• SUPPLIED MATERIAL:
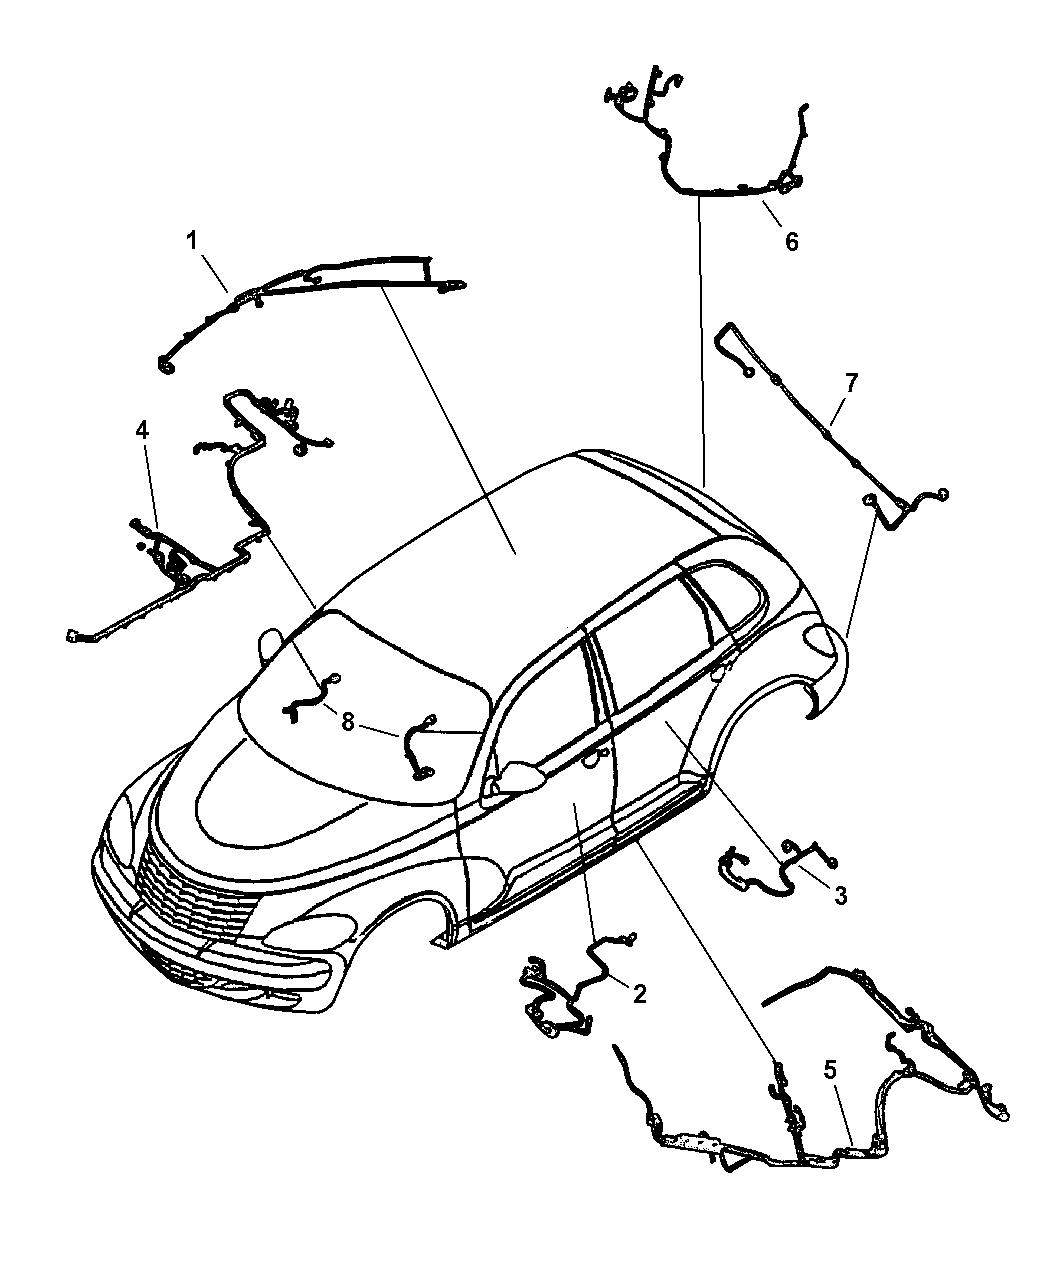 2001 Chrysler PT Cruiser Wiring Body & Accessory
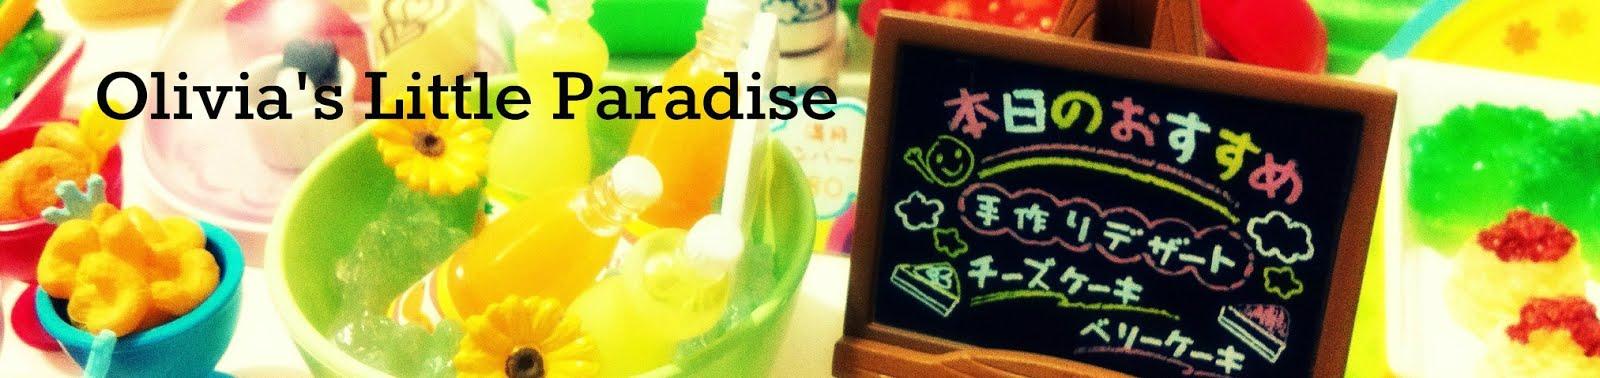 Olivia's Little Paradise
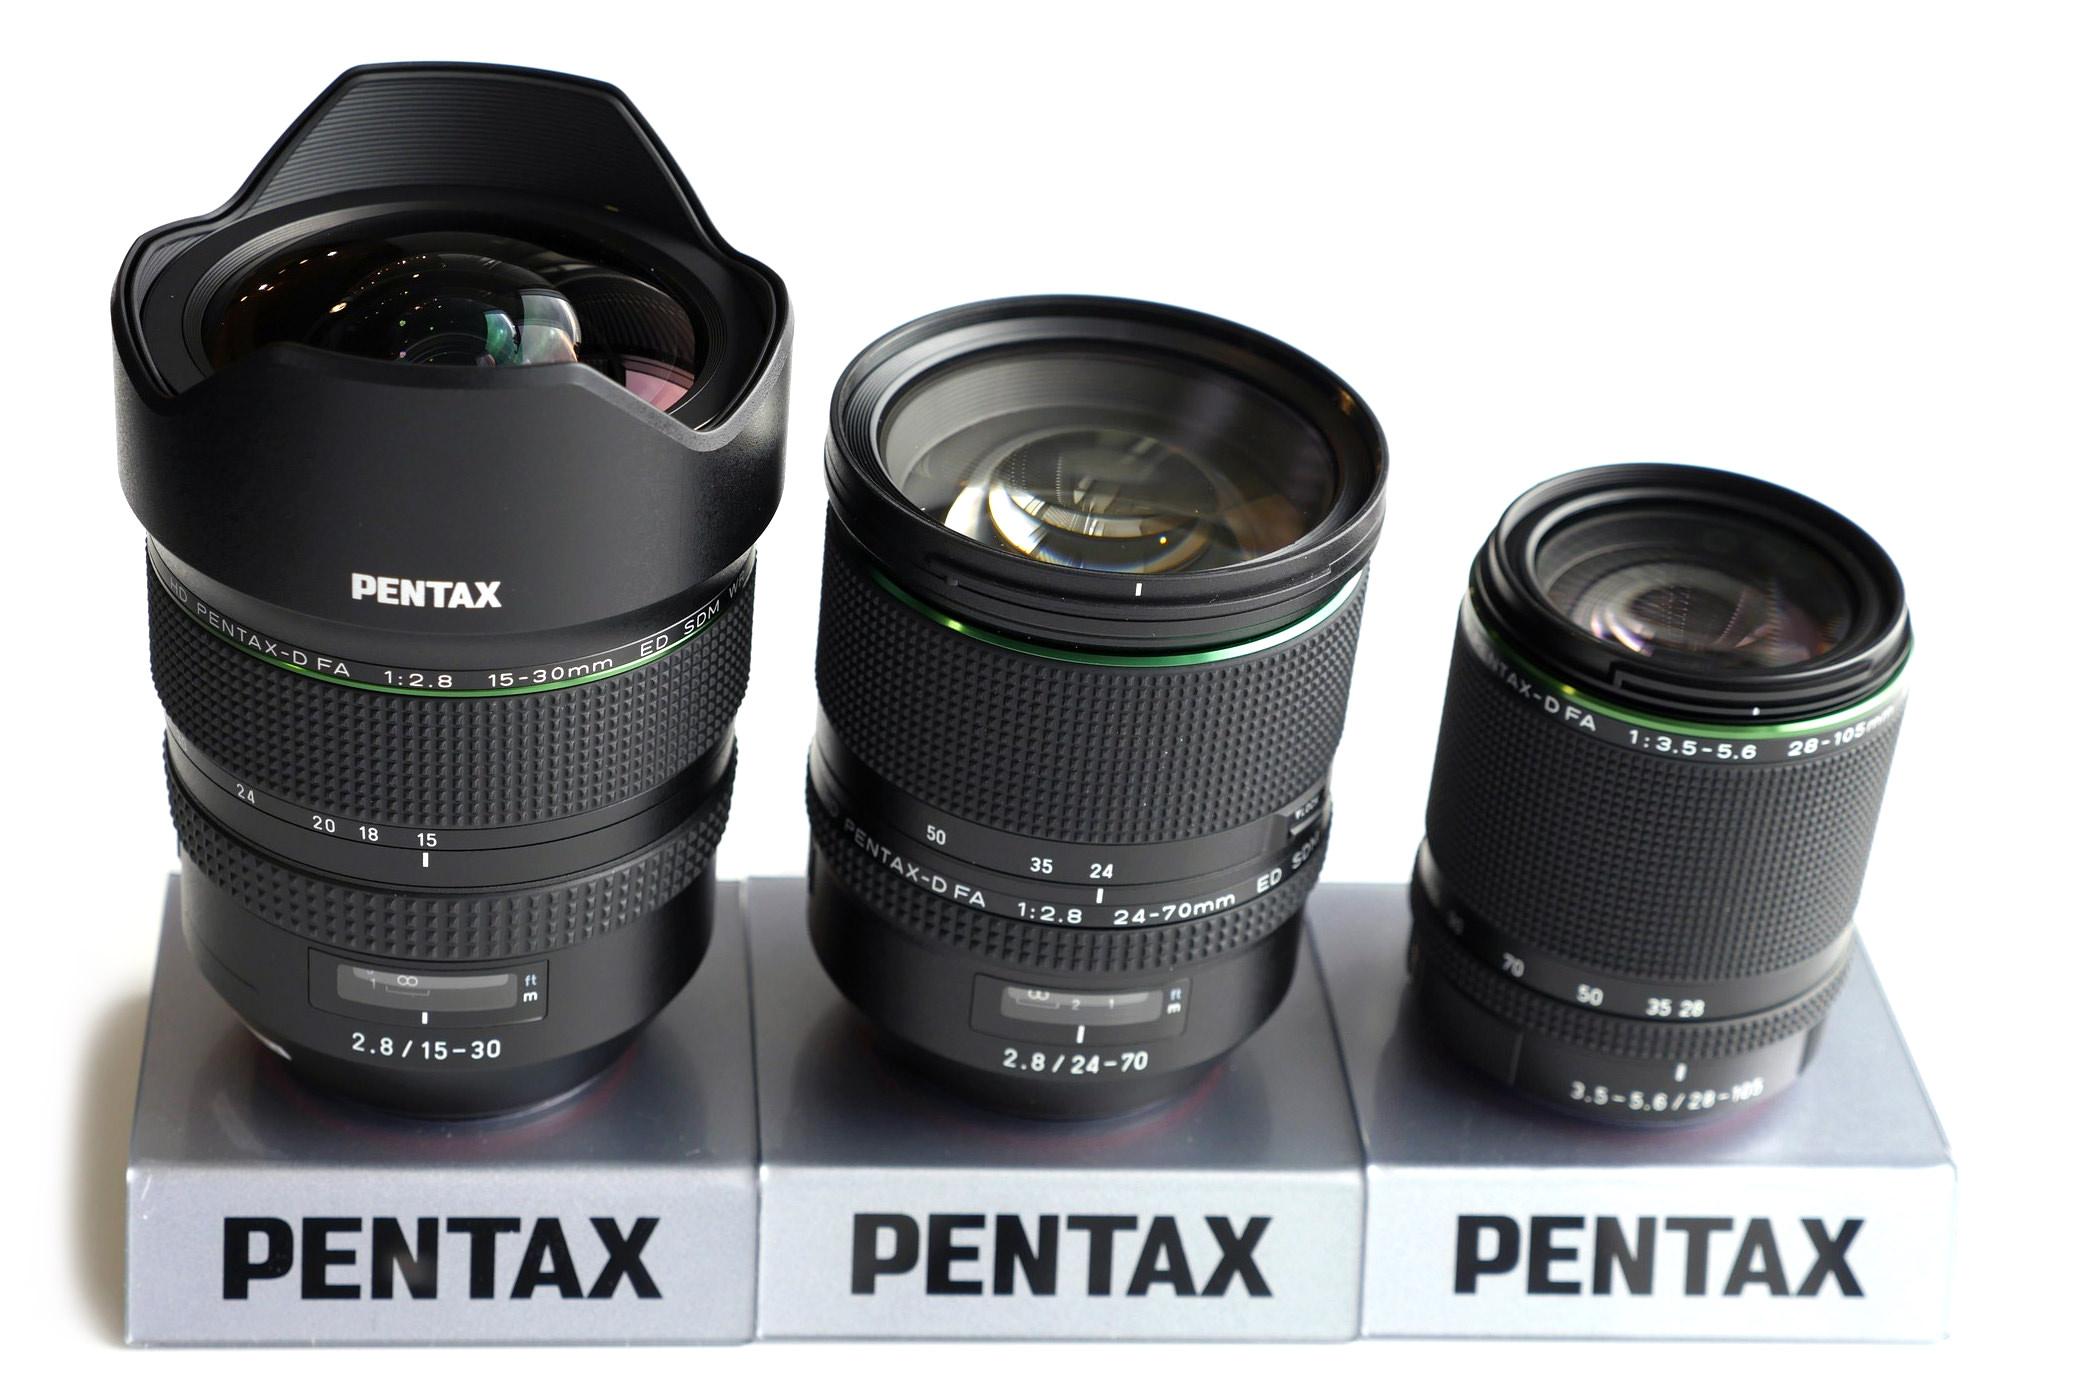 pentax ff fa lenses 24 70mm
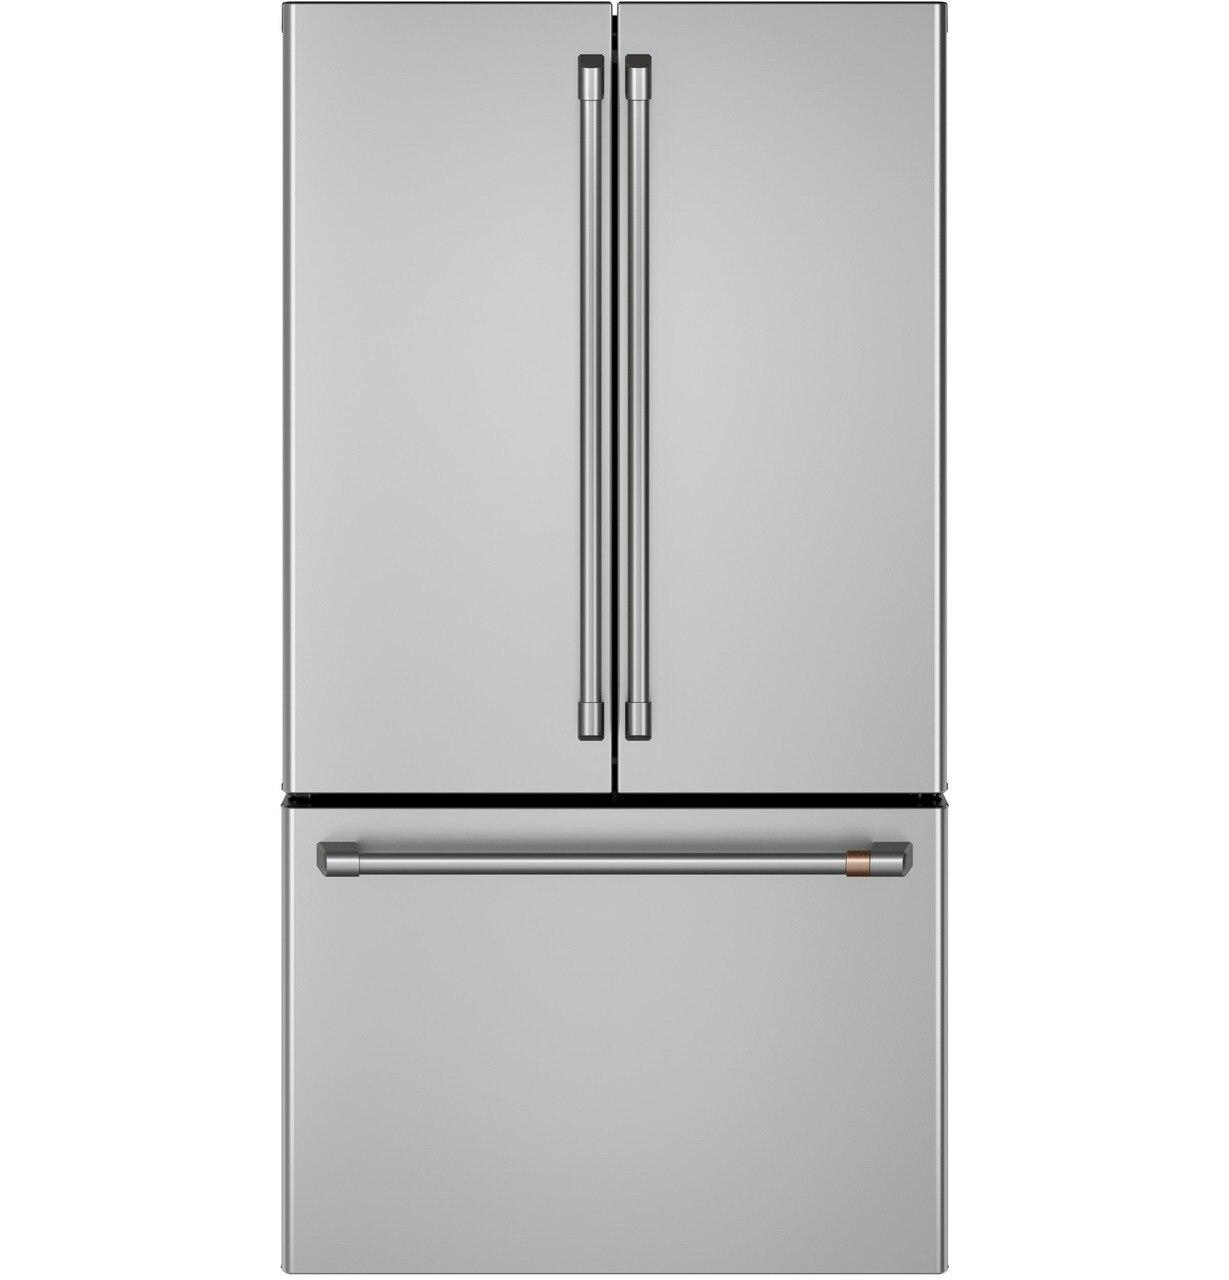 Cafe AppliancesCafe™ Energy Star® 23.1 Cu. Ft. Smart Counter-Depth French-Door Refrigerator
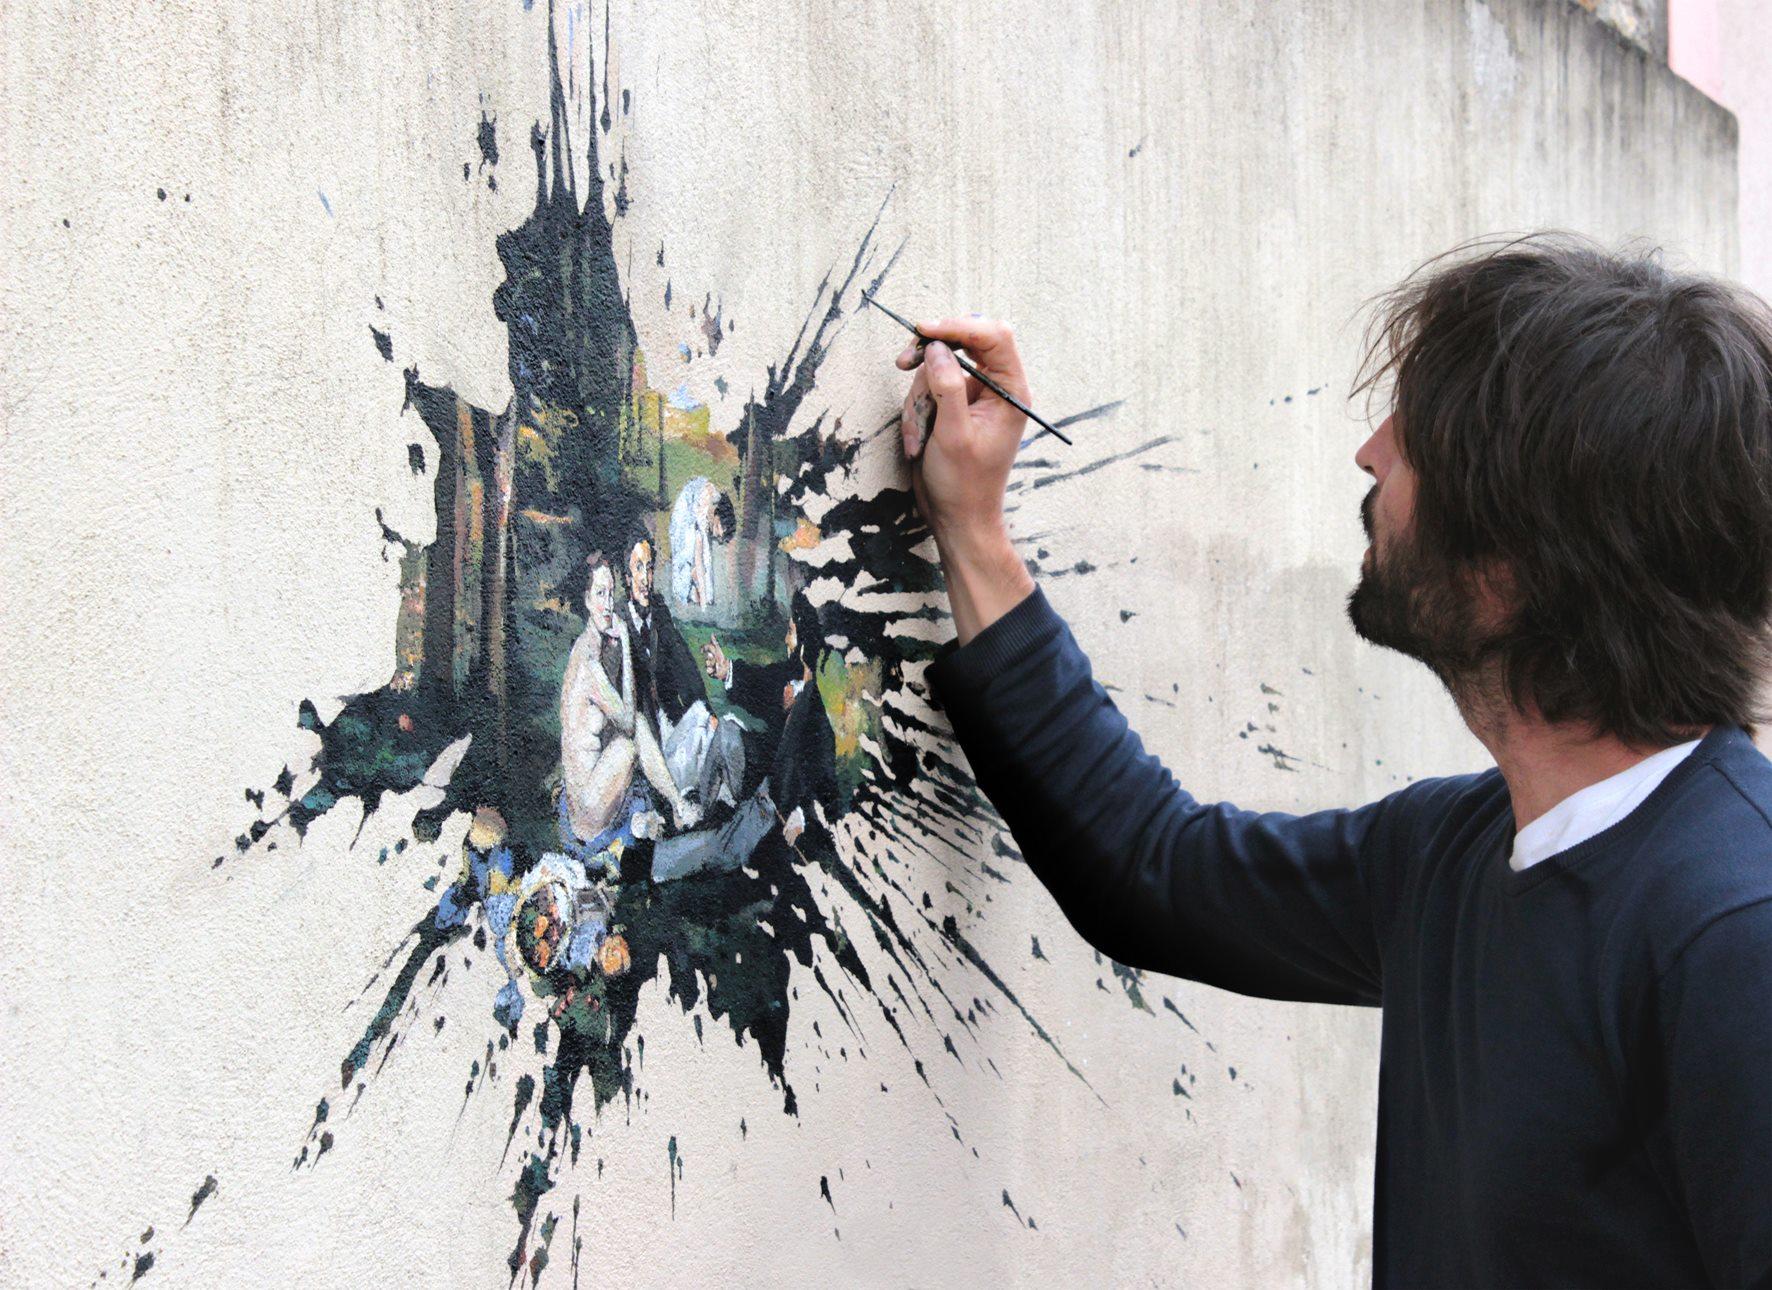 Creative-street-art-pejac-3

• WHAT THE TASK REQUIRES: Your task is to print exactly the lines from the one containing "Cafe AppliancesCafe™ Energy" through the final line of the records above, with no pictures and nothing more.

• ANSWER BELOW:
 Cafe AppliancesCafe™ Energy Star® 23.1 Cu. Ft. Smart Counter-Depth French-Door Refrigerator
 Creative-street-art-pejac-3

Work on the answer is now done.